The safety data noted in this meta-analysis are consistent with the 2 other meta-analyses published in 2006, which also concluded that intensive statin therapy has a risk profile comparable with usual dosing. This is also consistent with another meta-analysis, which found no increased risk of adverse effects with a dose of 80 mg of atorvastatin compared with 10 mg.19 Studies among stable outpatients with established cardiovascular disease, such as the IDEAL trial, have also shown comparable safety.20
Several ongoing trials continue to evaluate the potential benefits of early, intensive statin therapy for patients with acute coronary syndrome (Japan Assessment of Pitavastatin and Atorvastatin in Acute Coronary Syndrome [JAPAN-ACS], Limiting Undertreatment of Lipids in ACS with Rosuvastatin [LUNAR], and Fluvastatin in the Therapy of Acute Coronary Syndrome [FACS]). The recently published A Study to Evaluate the Effect of Rosuvastatin on Intravascular Ultrasound-Derived Coronary Atheroma Burden (ASTEROID) demonstrated that intensive statin therapy is capable of safely achieving a reduction in coronary atherosclerosis by intravascular ultrasound.21
In addition to safe, significant risk reduction of adverse cardiovascular outcomes, we also must emphasize that studies have shown the importance of beginning medications while patients are in the hospital to improve compliance.22 Given the high noncompliance rates of post-MI patients (up to one third are noncompliant with medications 1 month after discharge),23 initiating statin therapy in the hospital is a simple, effective strategy to improve compliance and thereby reduce mortality.

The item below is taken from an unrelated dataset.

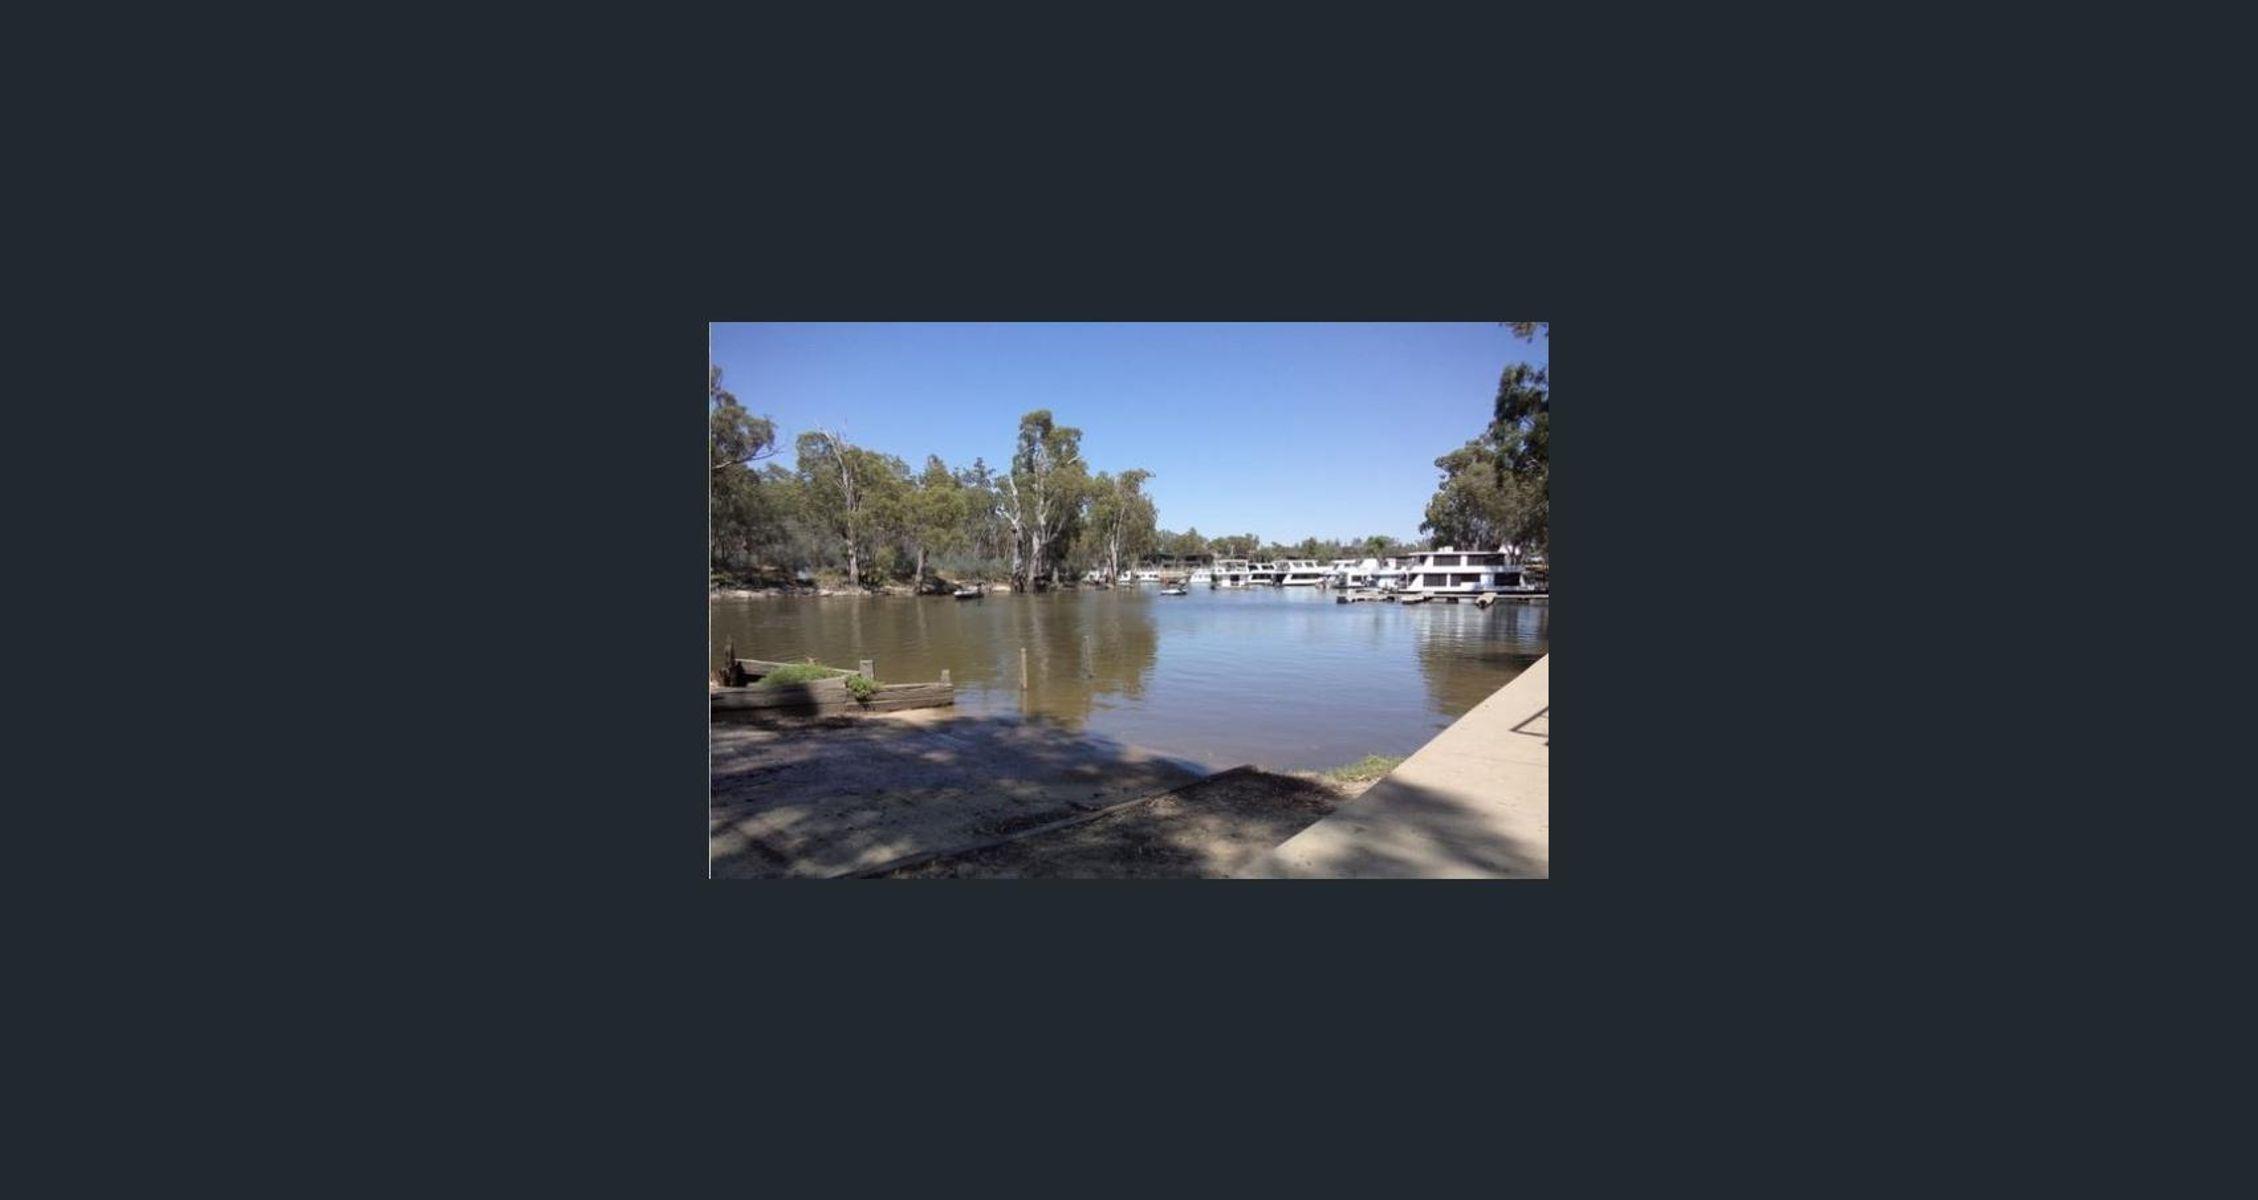 Lot 19/1771 Perricoota Road, Moama, NSW 2731

This meta-analysis of early, intensive statin therapy evaluated the cardiovascular outcomes of 17,963 subjects in 13 randomized controlled trials. Significant reductions in adverse cardiovascular outcomes, cardiovascular death, and recurrent ischemia began between 4 and 6 months after initiation of therapy and remained significant for 2 years. Now that several trials and 3 meta-analyses have established safe, significant risk reductions for early, intensive statin therapy, we can expect the NCEP to continue the trend of recommending more aggressive cholesterol reduction that has occurred with each subsequent iteration of the guidelines. A meta-analysis of pooled patient-level data from each of the original randomized trials would help in performing stratified analyses and better quantify any potential pleiotropic benefits of statins.